Investing in Futures
Supporting pediatric research and training is even more crucial in tough economic times
Building a top-notch research and medical training program takes enormous amounts of time, talent, creativity – and money.
“It’s one thing for an institution to say it has a philosophical commitment to training,” says Arnold Strauss, MD, who directs the Cincinnati Children’s Research Foundation. “Putting people and dollars behind that commitment is what has made the difference for Cincinnati Children’s.”
The institution is being called on to put more and more of its own dollars into training. As external funding for graduate medical education is squeezed by government belt-tightening, more of the cost of resident and fellowship training falls to teaching hospitals.
This past year that cost totaled $72 million, says Scott Hamlin, executive vice president and chief operating officer of Cincinnati Children’s. That includes direct costs of faculty salaries and indirect costs, such as facilities and shared services that support training.
Of that $72 million, less than one-fourth came from external sources, says Hamlin. The two sources that subsidize the training of pediatric residents are the Children’s Hospitals Graduate Medical Education Payment Program and Medicaid. Both face potential serious cuts due to state and federal deficits.
‘The right thing to do’
Strauss believes academic medical centers must lobby loud and long for federal funding of medical training to continue. And although the financial burden is substantial, he is quick to add that Cincinnati Children’s will find a way to continue training “because it is the right thing to do.”
“We provide training because it is critical for us to grow talent — for our own needs and for those of the rest of the world,” says Strauss.
Growing pediatric talent has been a big part of Strauss’s career. Before coming to Cincinnati Children’s in 2007, he spent much of his time as a pediatric cardiologist and scientist training others. Over the course of his career, he has trained more than 50 graduate students, post-docs and clinical fellows — many of whom are now national leaders in pediatric research and clinical practice.
Keys to success
Strauss says environment is “absolutely critical” for a training program — and its graduates — to be successful. “You need a strong faculty, an organization that fosters intellectual curiosity and collaboration, and the ability to take risks.”
Cincinnati Children’s scores high on all three.
“Here, the institutional culture is to work together,” Strauss says. “It’s a long history that comes from the leadership of people like Bill Schubert (see A Life Well Lived). We select people for it - people who are really smart but who work well with others.”
This level of collaboration is unusual in the scientific world, he adds, and has resulted in a robust exchange of ideas, vitally important discoveries and findings that move more quickly toward clinical applications.

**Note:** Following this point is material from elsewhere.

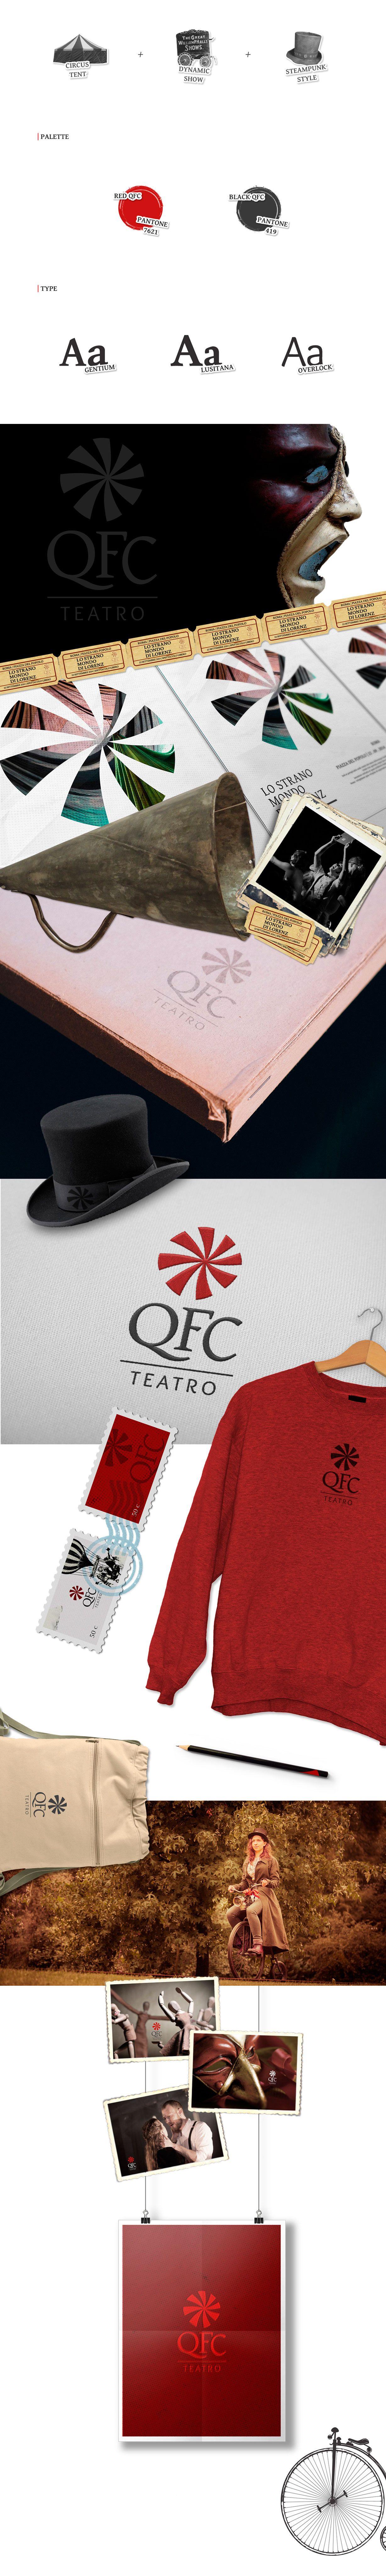 Wider View Portfolio QFC Teatro 3
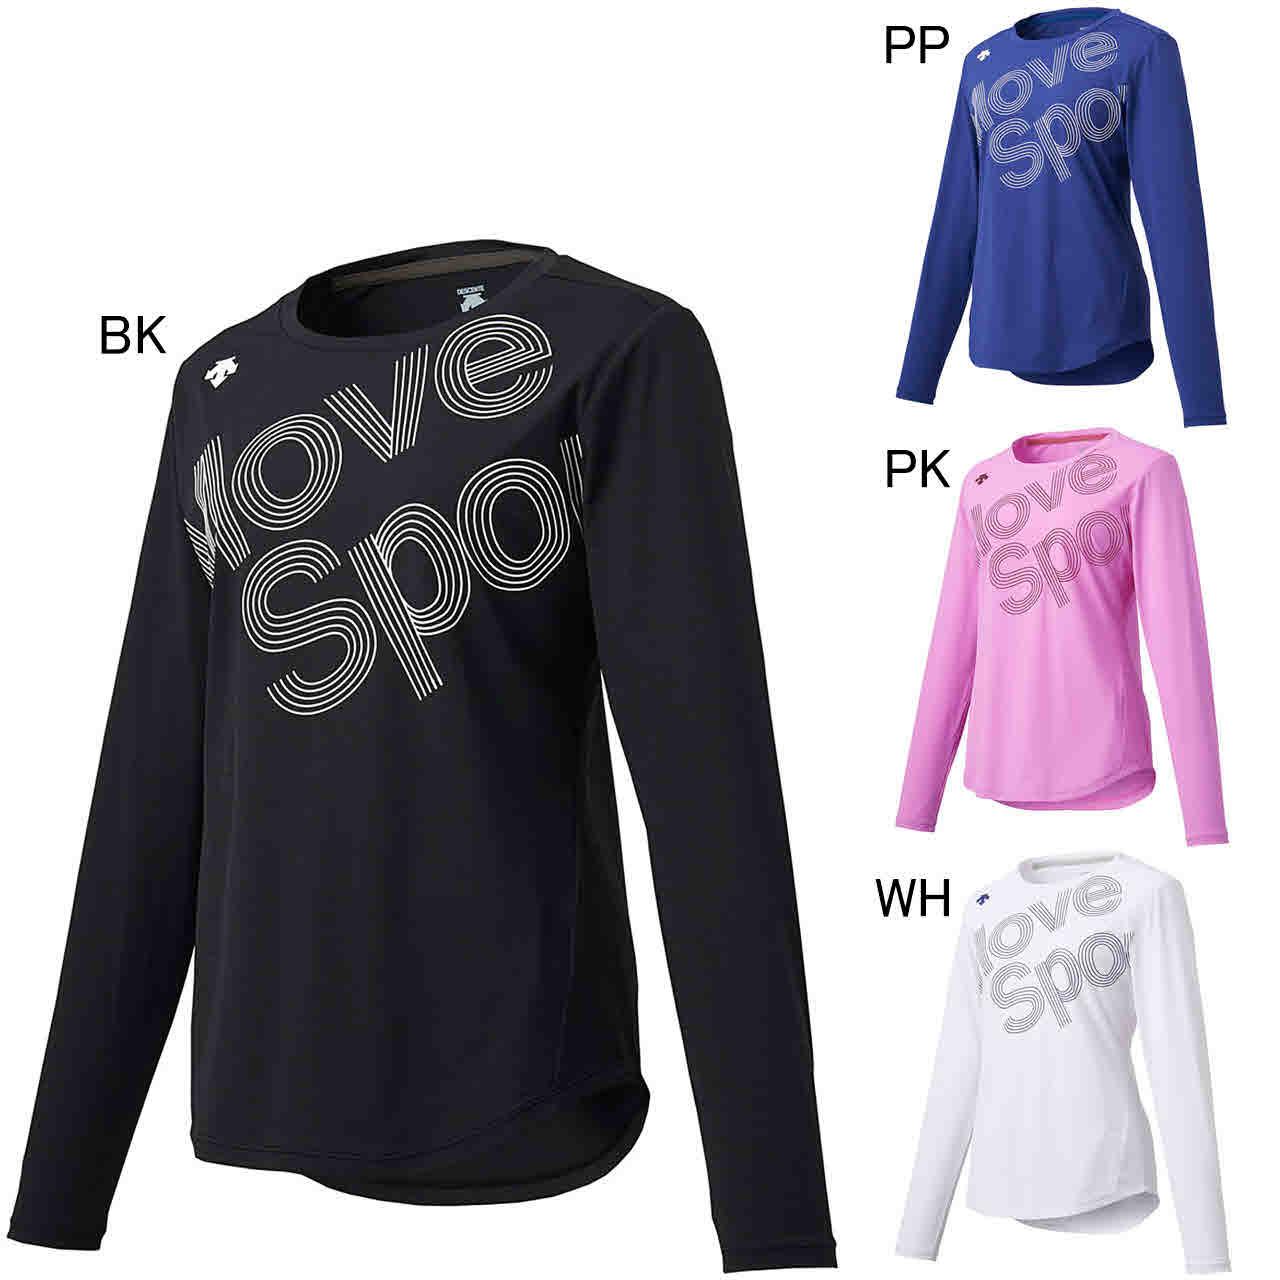 デサント エクササイズ フィットネス シャツ トップス レディース レディース サンスクリーン 長袖Tシャツ DMWOJB50

“The integration of clinical and research activities makes us truly unique,” he says. “Our basic scientists sit in the same environment with our clinicians, attuned to what the clinical issues are. Why does a child have a heart defect? Well, it means the heart developed the wrong way. So the PhD looking at heart development can find out why that happened, then work with clinicians to study their patients and find mutations.”
Funding discovery
Linking research to clinical relevance has been one of the big drivers behind our impressive record of external funding, says Strauss. Cincinnati Children’s ranks second in the nation in NIH funding of pediatric research. Our total research funding from external sources was $154 million this past fiscal year.
But Hamlin says our overall financial commitment to research and training puts us in the number one slot. He compares notes regularly with his counterparts at the six leading pediatric medical centers around the country.
“I believe the totality of our research effort is the most substantial,” he says. “We are willing to fund more research that’s in development by our young scientists.”
A cushion for hard times
Hamlin says Cincinnati Children’s is able to fund more research and training because of an endowment that began with a $2.5 million donation by William Cooper Procter in 1927. Thanks to careful tending by the hospital and its board, that endowment today generates $50 million of support each year, most of which goes toward research and education.
“It’s reliable, it’s dependable, and it’s the investment our donors and the board are ensuring continues to make our research strong. It makes us who we are,” says Hamlin.
Reinvesting in academics
Additionally, the hospital reinvests 3 percent of its annual revenues into research and academic pursuits. This commitment enables Cincinnati Children’s to pursue promising new ideas, even when external forces might not be working in their favor.
“We can start programs and take a few gambles on faculty and not go under,” Strauss says.
Good business practice
There are solid business reasons for these investments as well, Hamlin says.
“Academic leadership makes us stand out from the crowd. We have to rely on people coming great distances and bypassing alternatives on the way to us. There’s one of three reasons they will do that: They believe the outcome will be better, the experience will be better, or the value we can deliver will be better.”
And training the pediatricians and pediatric researchers of the future creates lasting relationships.
“Those doctors and researchers know the quality of our scientific and clinical training,” Hamlin says. “So there is a halo effect. Whether it’s a scientist or a clinician who asks, ‘Who do I need to collaborate with?,’ I am confident it will be us.”